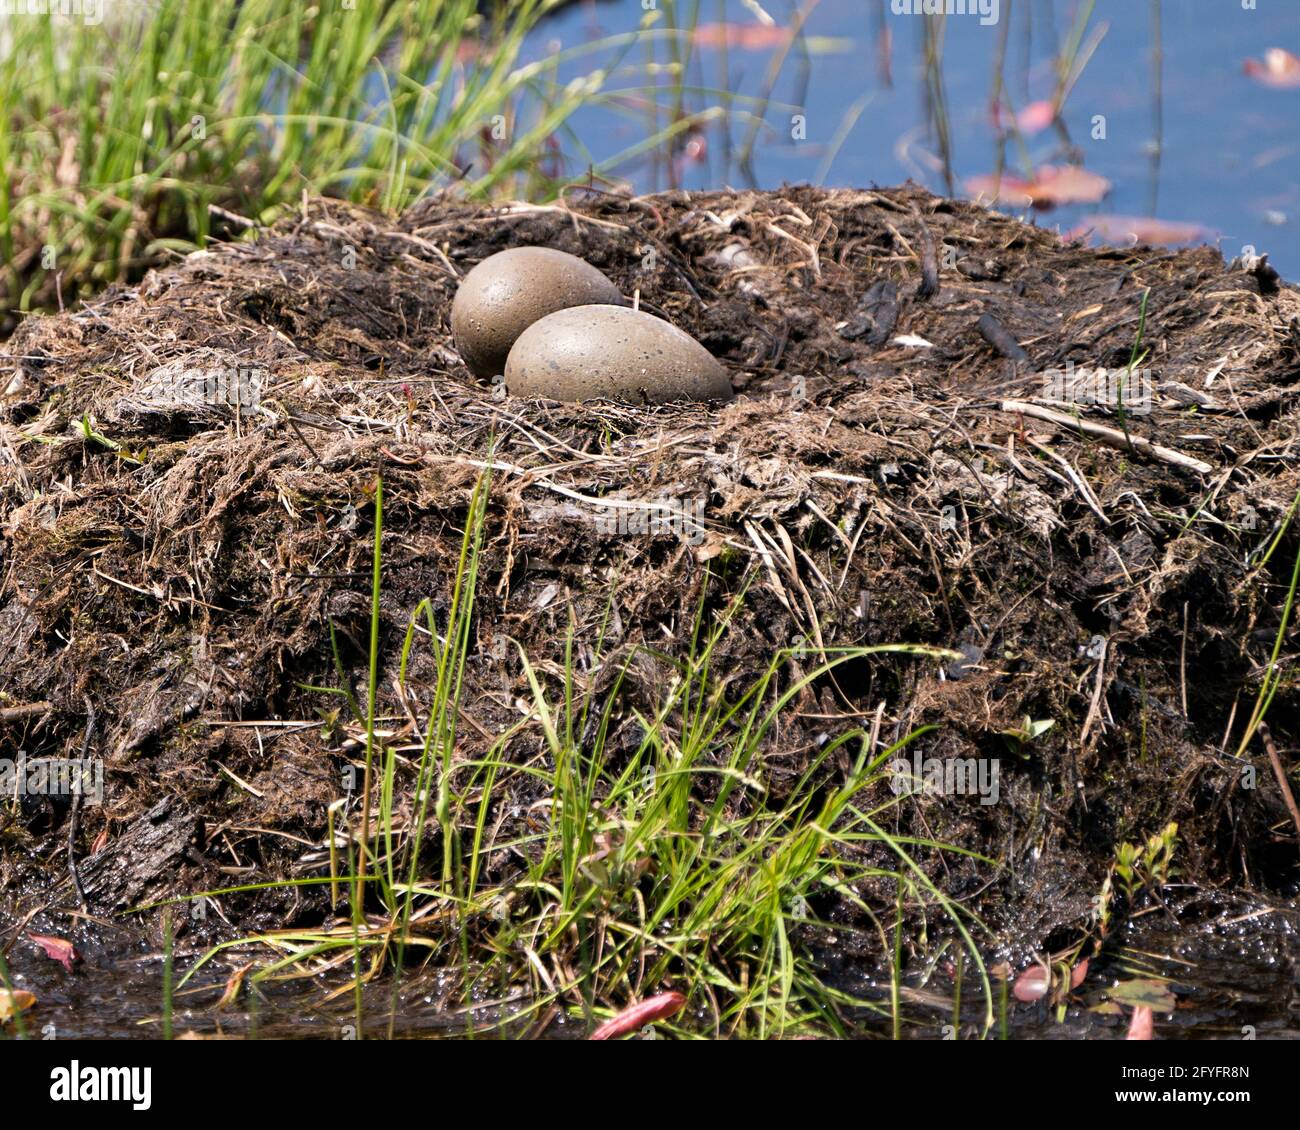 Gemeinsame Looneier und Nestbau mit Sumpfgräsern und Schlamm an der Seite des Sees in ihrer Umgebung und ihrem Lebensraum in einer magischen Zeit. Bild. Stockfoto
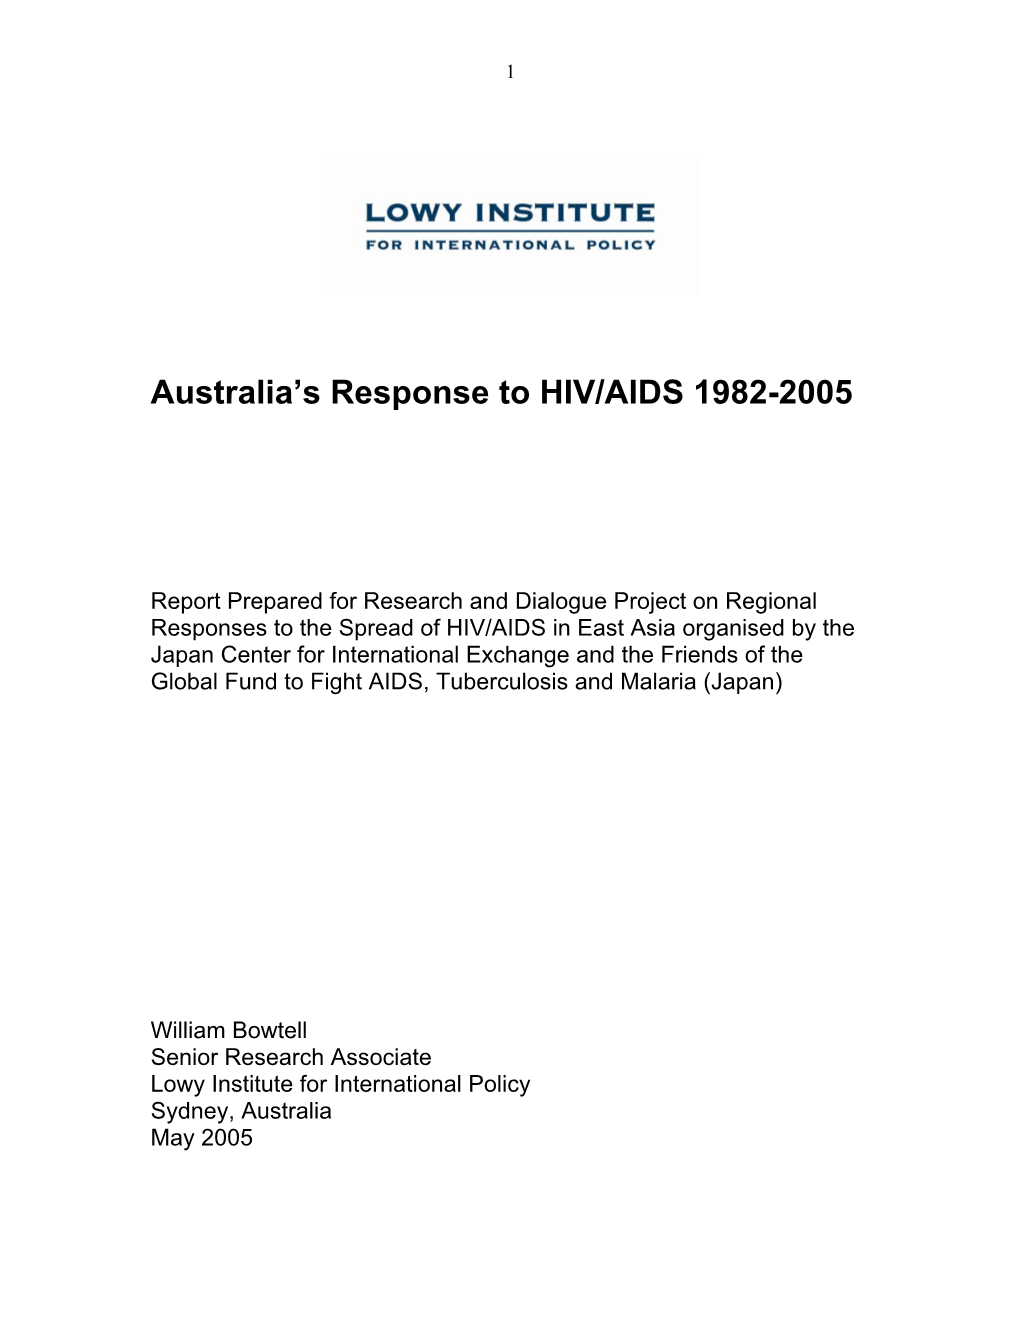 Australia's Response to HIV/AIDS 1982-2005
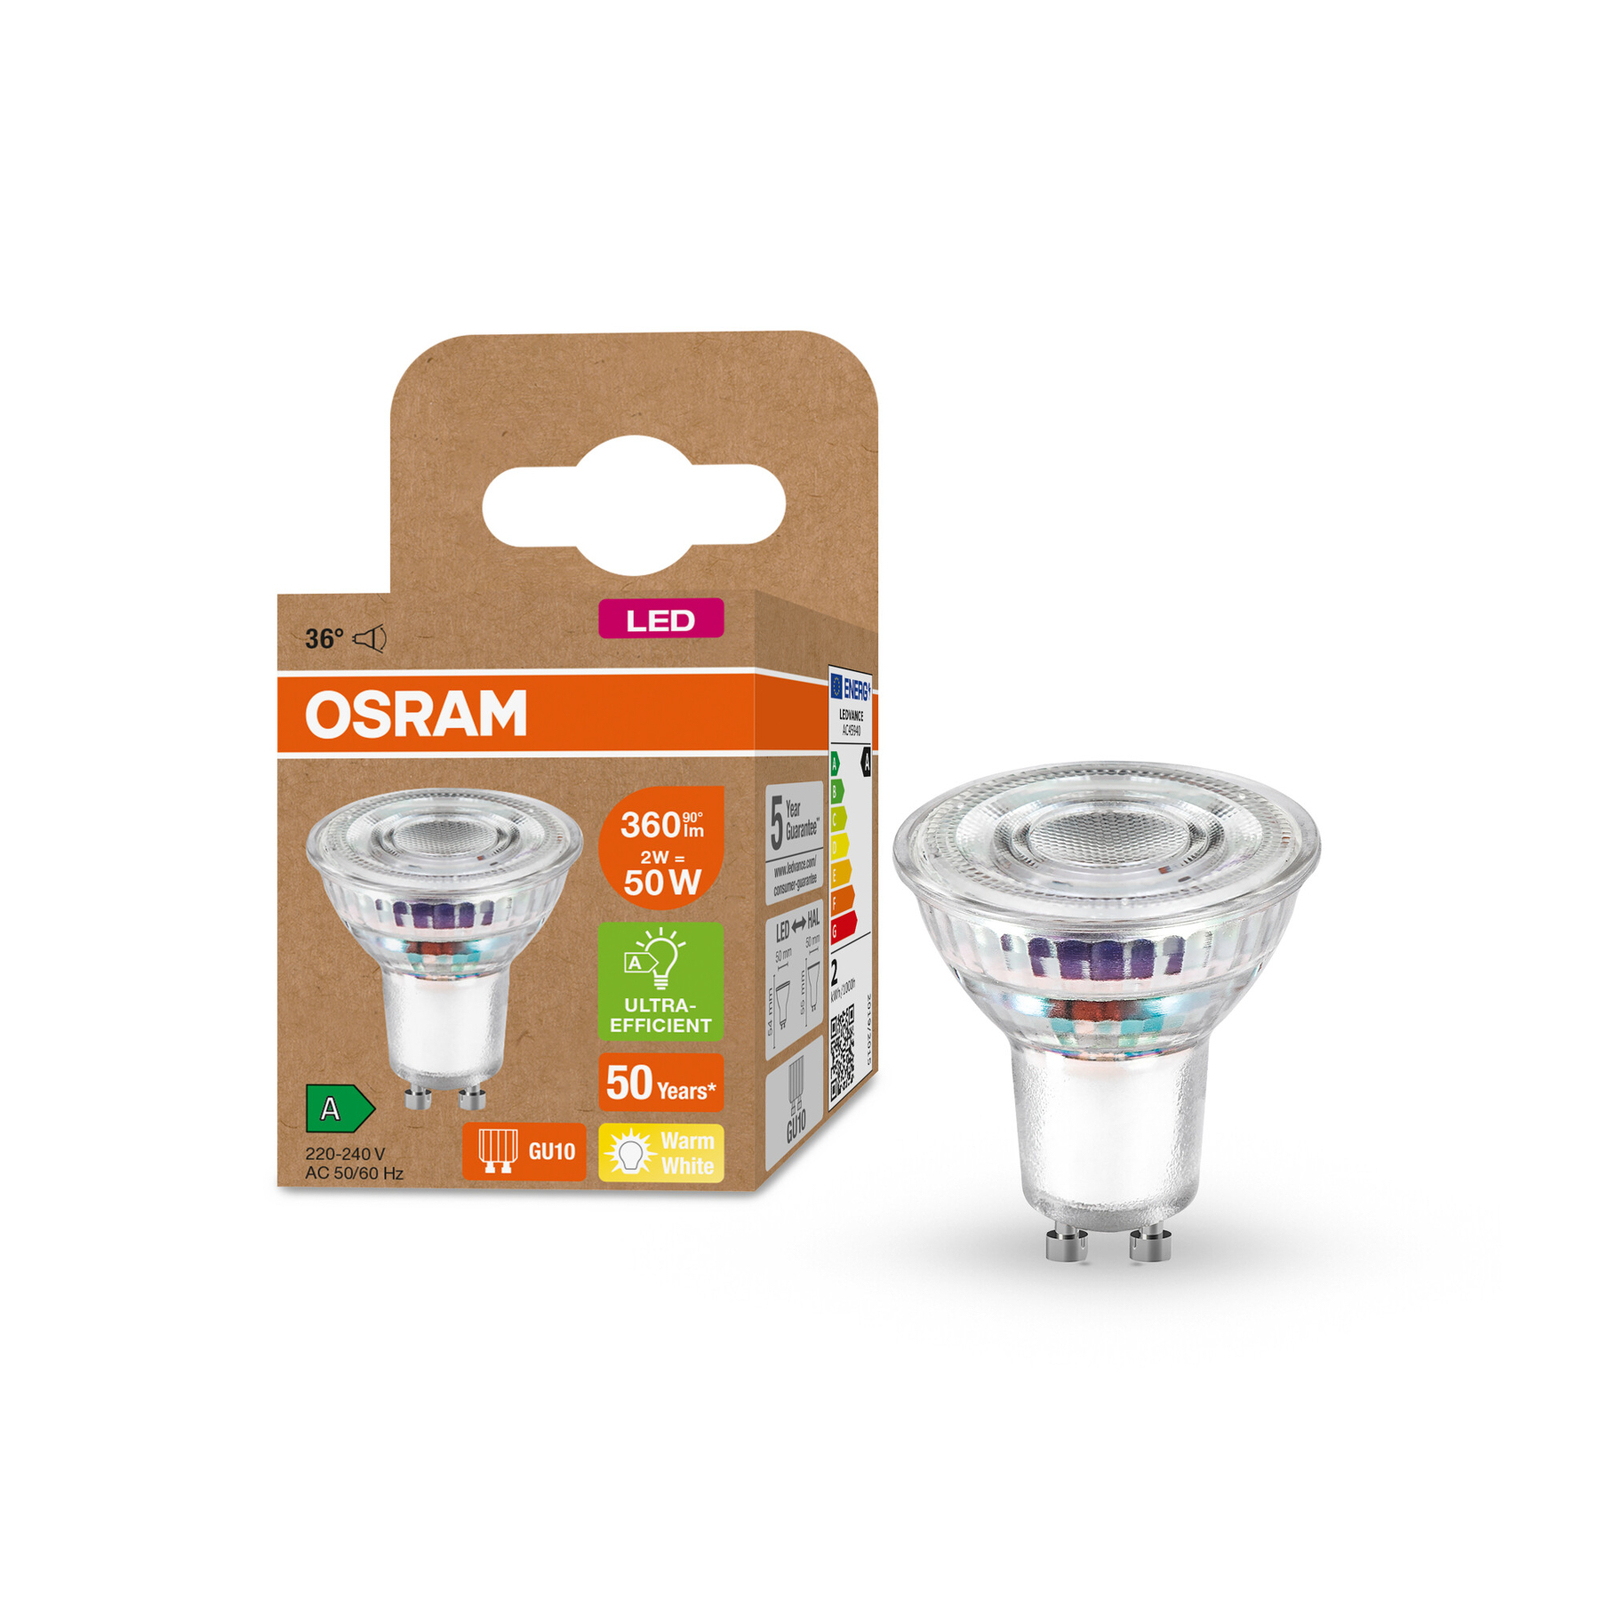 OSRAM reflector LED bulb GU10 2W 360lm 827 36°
* * *
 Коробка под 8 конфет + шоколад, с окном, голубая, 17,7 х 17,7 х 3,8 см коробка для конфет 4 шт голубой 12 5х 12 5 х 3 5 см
---
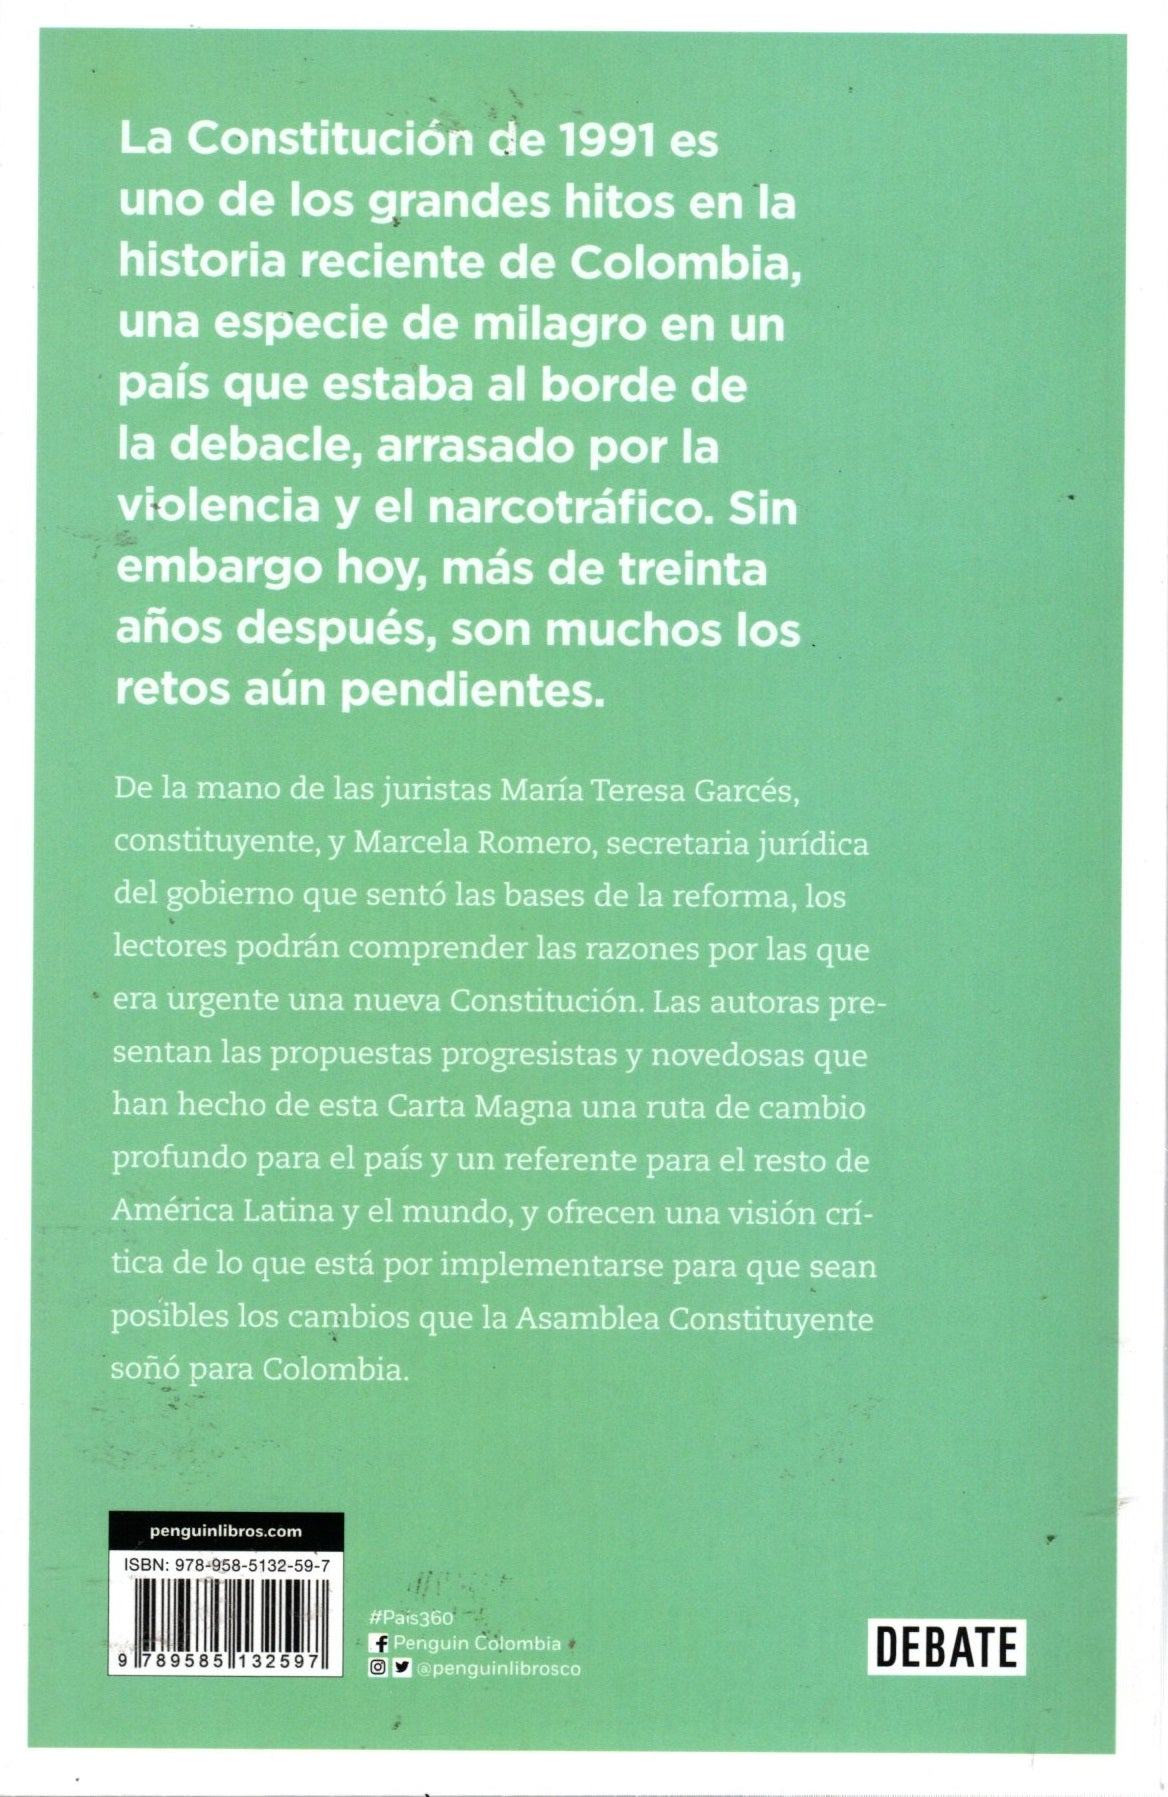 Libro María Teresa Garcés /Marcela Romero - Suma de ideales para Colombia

● TRY IT: In the listing above, find the line containing "Gemeinsame Looneier und" and the line containing "OSRAM reflector LED", then return both of them and every line between, exactly, without pictures.

● PROBLEM SOLUTION:
 Gemeinsame Looneier und Nestbau mit Sumpfgräsern und Schlamm an der Seite des Sees in ihrer Umgebung und ihrem Lebensraum in einer magischen Zeit. Bild. Stockfoto
 Australia's Response to HIV/AIDS 1982-2005
 OSRAM reflector LED bulb GU10 2W 360lm 827 36°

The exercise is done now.